Mr. Nagamuwa told The Sunday Times this situation was common to most universities. The Government allocates only 2.5 % of the national budget for all education services but the standard percentage is said to be 6%. This means the money allocated was enough only to maintain the existing facilities and not to develop or expand them so as to increase the student intake or improve the quality of the degrees offered.
This year a clear 20% has been deducted from all Government budgetary allocations. This situation has led some universities renting out their buildings and other facilities to earn an income to cover at least the basic maintenance cost. “The Treasury releases only part of the money which has been allocated even after deducting the 20%. Thus effectively the universities get only 50% of the money allocated. The VCs waste their time going from office to office trying to get the money released,” said Mr. Nagamuwa.
As a result, the Colombo and Peradeniya Universities have taken to hiring out of their playgrounds to earn revenue. When the students of the Colombo University protested against this, the VC threatened to cut funding for sports activities. However, now students and the authorities have come to an amicable solution.
The Ruhuna University has gone one step further by hiring out the medical faculty auditorium. The recent clash between the students of the medical faculty and the administration was due the board decision to rent out faculty lecture halls, which decision has now been rescinded. Prof. Samaranayake said the UGC was planning to expand the intake and introduce more programmes but there the availability of lecturers, resources and infrastructure was a handicap.
He admitted that infrastructure for IT was not sufficient, and thus the UGC was unable to increase the intake even though there was a demand for IT professionals.
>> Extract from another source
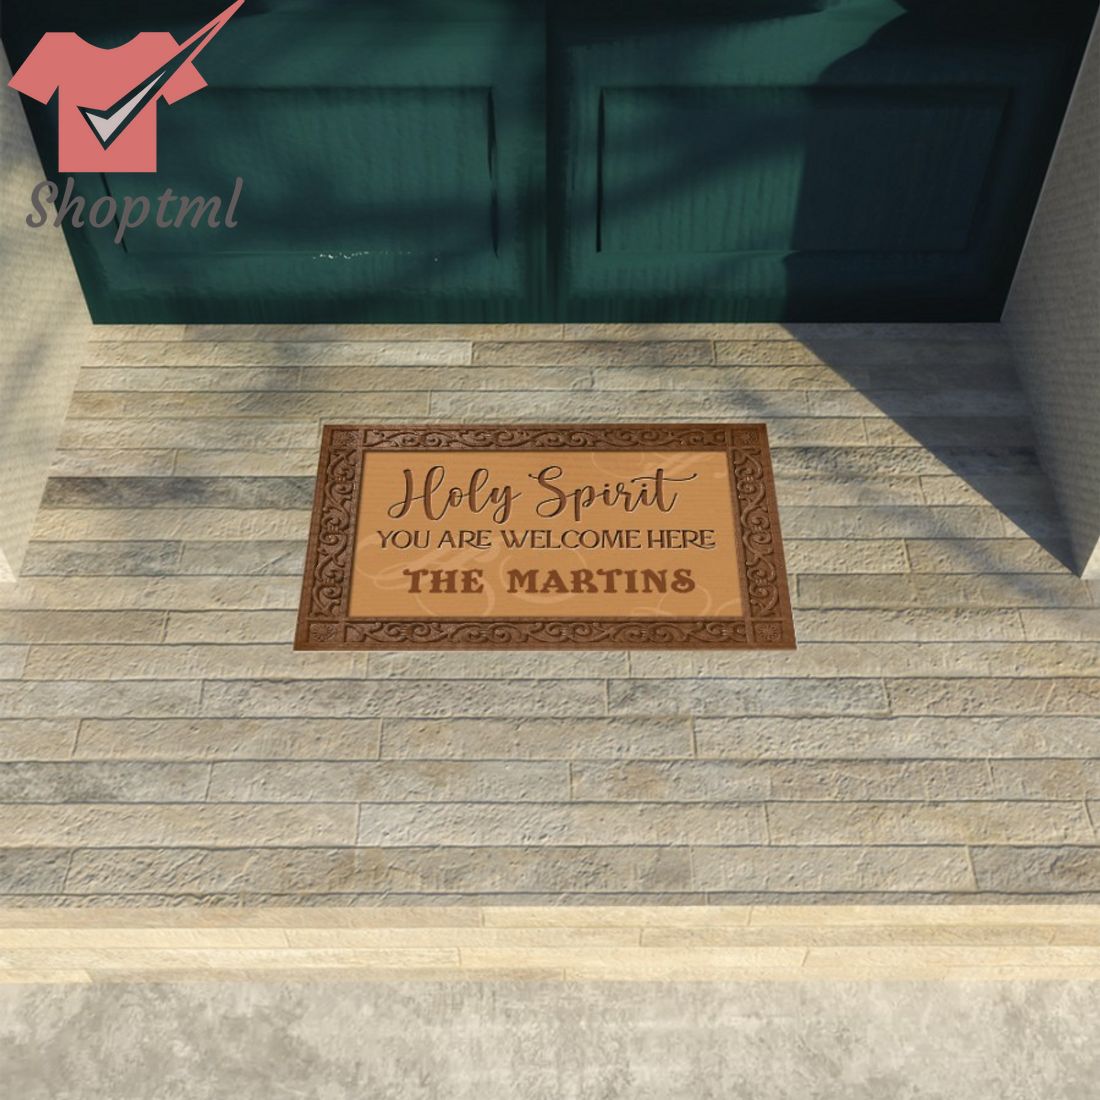 The Martins Holy Spirit You Are Welcome Here Wood Grain Doormat

The acute lack of lecturers especially in the Rajarata, Wayamba, and Sabaragamuwa Universities was attributed to the reluctance of lecturers to go to such universities as they were far from Colombo.
Prof. Samaranayake said, according to recent statistics, nearly 80 staff members did not return to the country after going abroad.
“Senior lecturers retire and junior lecturers go abroad without filling the vacancies”, he said. He admitted that since the country was Colombo-centered most lecturers do not want to go to any outstation universities. The IUSF claimed the situation had arisen as the payment made to visiting lecturers was not sufficient.
Currently there are close to 20,000 unemployed local graduates in the country, according to the unemployed graduates union president Sujith Kuruwita. Mr. Kuruwita said there should be an effective change in the entire system to reduce unemployment in the country. The economy has no room to absorb the graduates and the labour force that enters the economy each year.
Prof. Samaranayake said some courses like medicine, engineering and law are job-oriented but others are academic courses. Though some students blame the university courses they follow as the cause for their failure to get proper jobs, it is not the university but society and the economy that is at fault, he said.
“We hope to introduce an IT course for the Arts students after they sit their degree exam. It would be a three-month course till they get their results,” Prof. Samaranayake said. Mr. Nagamuwa said that even though the Government gives the lack of computer literacy and fluency in English as reasons for graduate unemployment, it was Government’s responsibility to provide such an education in State universities. The VCs of the Peradeniya and Rajarata universities were unavailable for comment while the Colombo University VC declined to comment.